狂愛ノ書~紅き鬼と巫女の姫~





「…おじいちゃんに聞きたいことがあるんだけど……」




おじいちゃんは自分勝手だから、教えて欲しいことがあっても教えてくれないことが多い。




私が小学生の時、おじいちゃんに学校の宿題を教えてもらおうと思って行ったら意地悪なおじいちゃんは教えてくれなくて、お母さんに泣きついたことがあった。




しかも最近は私ばっかりに本殿の掃除を任せるし。




だからダメ元で聞いた。
何の反応もないから、きっと今回も教えてくれないだろうな。




諦めてお母さんにでも聞こうと本殿を出ようとすると。




「…茶を持ってこい。
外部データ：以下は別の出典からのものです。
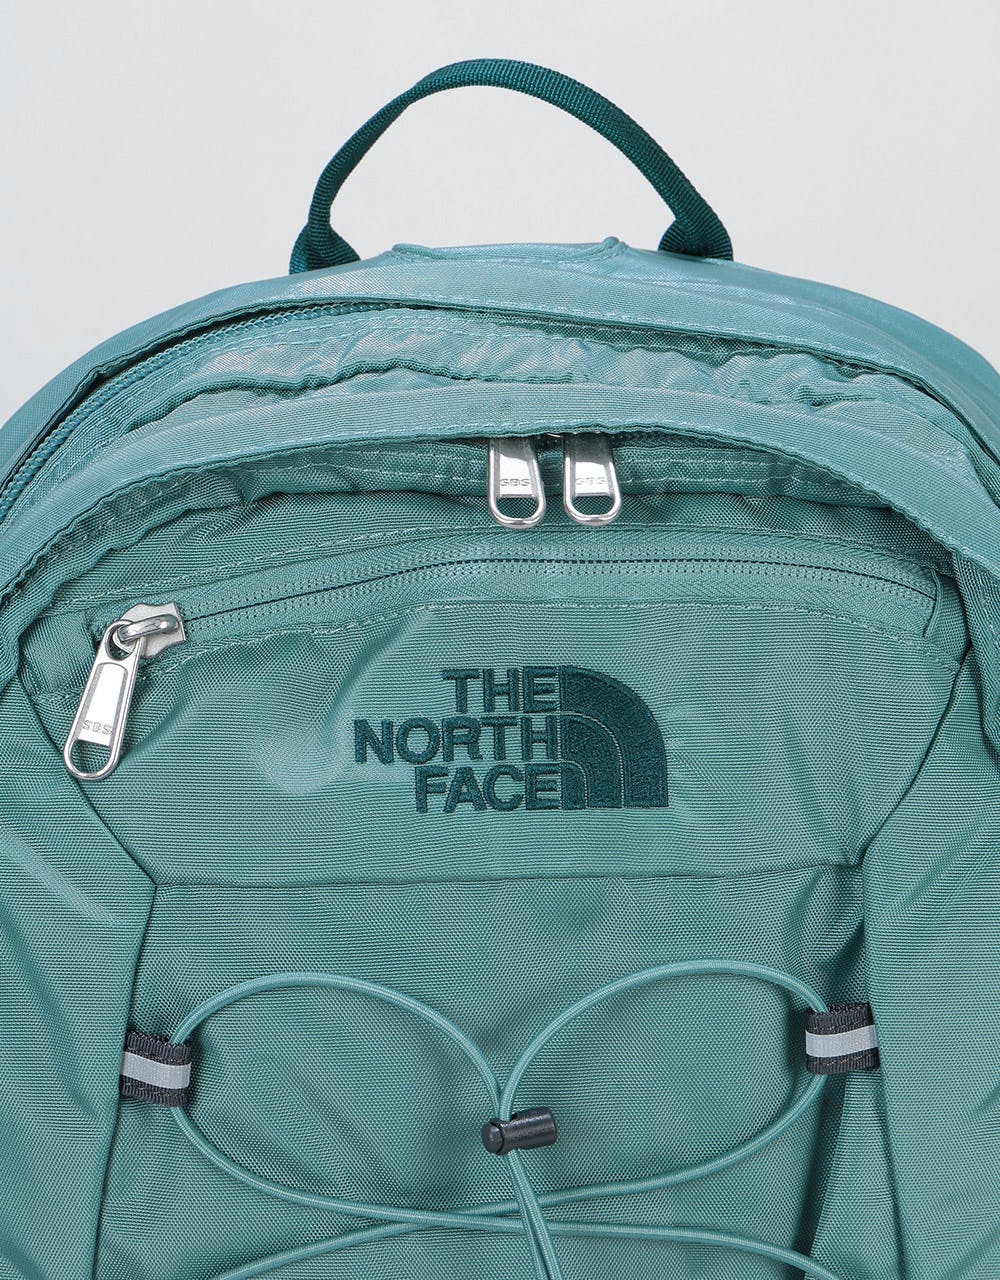 The North Face Borealis Classic Backpack - Trellis Green/Ponderosa Gre

そしたら聞いてやらんでもない」


「………え…?」




立ち上がったおじいちゃんにびっくりした。
おじいちゃんが話を聞いてくれるなんて、槍でも降ってくるんじゃないかと思うくらい珍しい。




私と紅葉は急いで三人分のお茶を取りに行った。












「……はぁ…やはり緑茶は美味いの~」




おじいちゃんの部屋に入り、おじいちゃんはおいしそうにお茶を飲んでいる。
私と紅葉はおじいちゃんの向かいに並んで座る。




おじいちゃんはもう少しお茶を飲むと、湯呑みを畳に置いた。




「…それで、お前の聞きたいこととはなんじゃ?」


「え、あ、うん…」




いきなり話を振られて少しびっくりした。
だっておじいちゃんがこんなに真剣に話を聞いてくれるなんて、初めてだから。




なんだか変に緊張するけど、私には聞いておきたいことがあった。